- Siege of Pécs: Part of Great Turkish War
| Date | 14–22 October 1686 |
| Location | Pécs, Ottoman Hungary |
| Result | Holy Roman Empire victory |

Belligerents
- Holy Roman Empire: Ottoman Empire

Commanders and leaders
- Louis William, Margrave of Baden-Baden: Sarı Süleyman Pasha

= Siege of Pécs (1686) =

1686 battle in Pécs in present-day Hungary

The siege of Pécs was fought from 14 to 22 October 1686, in the city of Pécs in southwestern Hungary, between the armies of the Ottoman Empire and of the Holy Roman Empire.

After the castle of Buda was wrested from Ottoman rule in 1686, the Austrian army advanced to capture Pécs which was defended by Sarı Süleyman Pasha.

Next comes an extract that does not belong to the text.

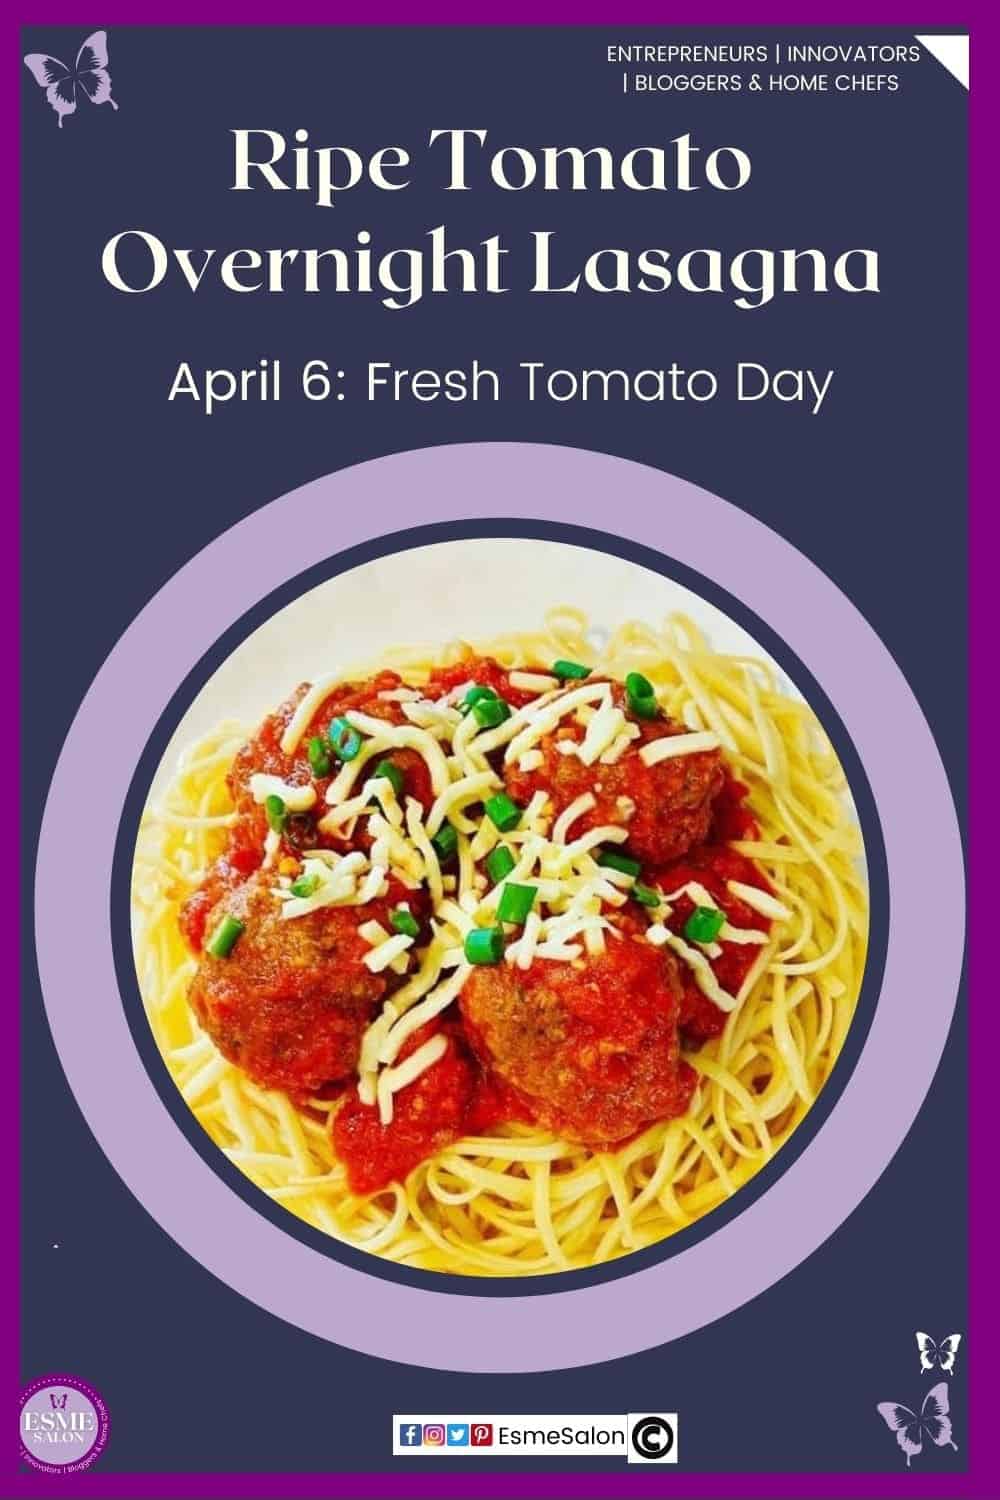 an image of a white plate filled with pasta and Ripe Tomato Overnight Lasagna and meatballs topped with cheese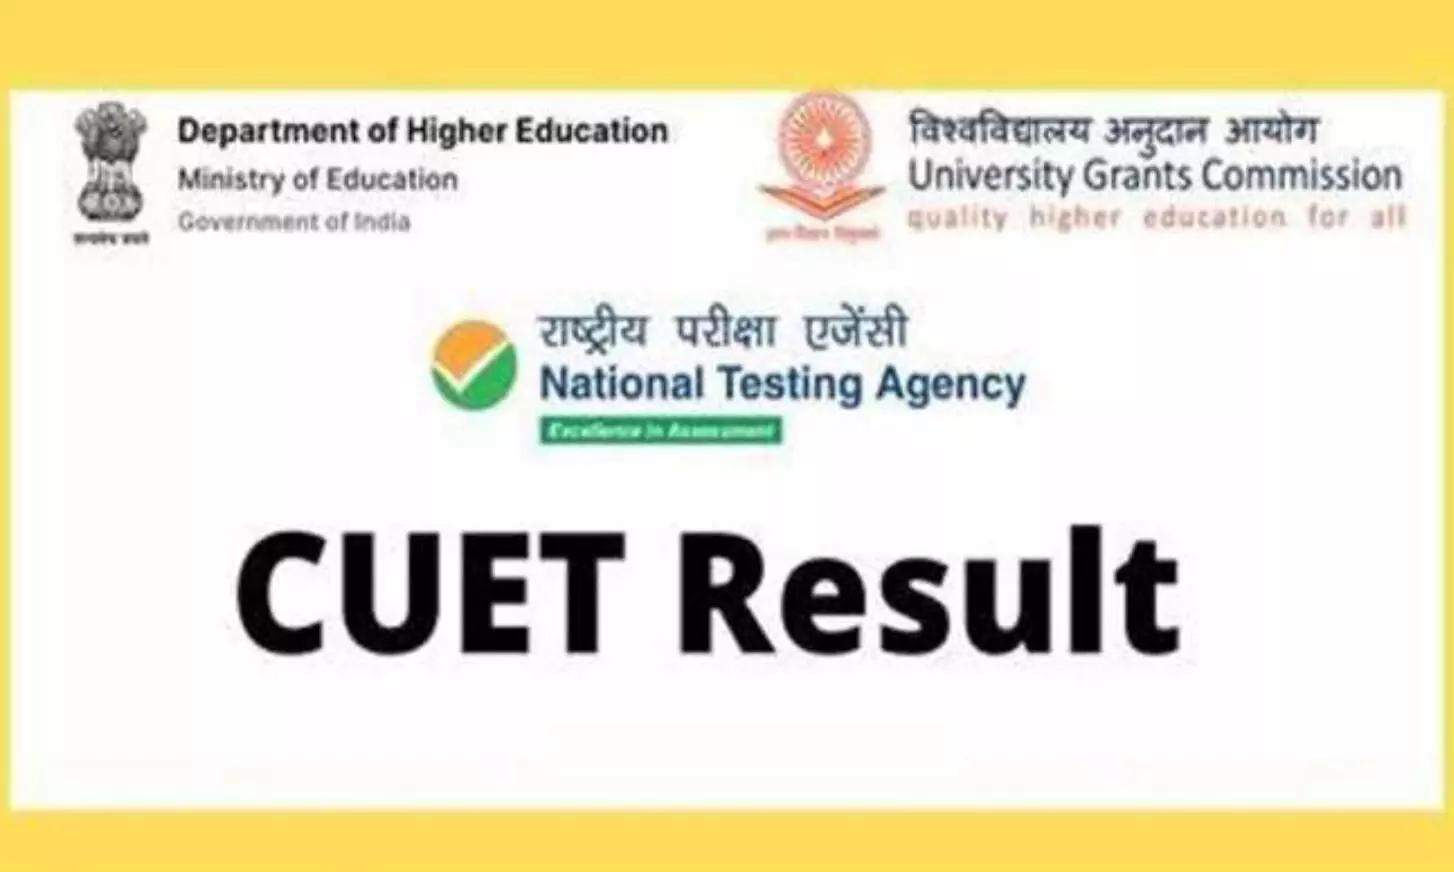 nta cuet result 2022 declared near about 7 september said nta

The Austrian advance guard broke into the city and pillaged it, the Ottomans saw that they could not hold the city, so they burnt it and withdrew into the castle. The army led by Louis of Baden occupied the city on 14 October, and destroyed the aqueduct leading to the castle. The Ottomans had no other choice but to surrender, which they did on 22 October. The siege devastated the previously prosperous region, and the area was depopulated by the peasants who fled from the Austrian soldiers.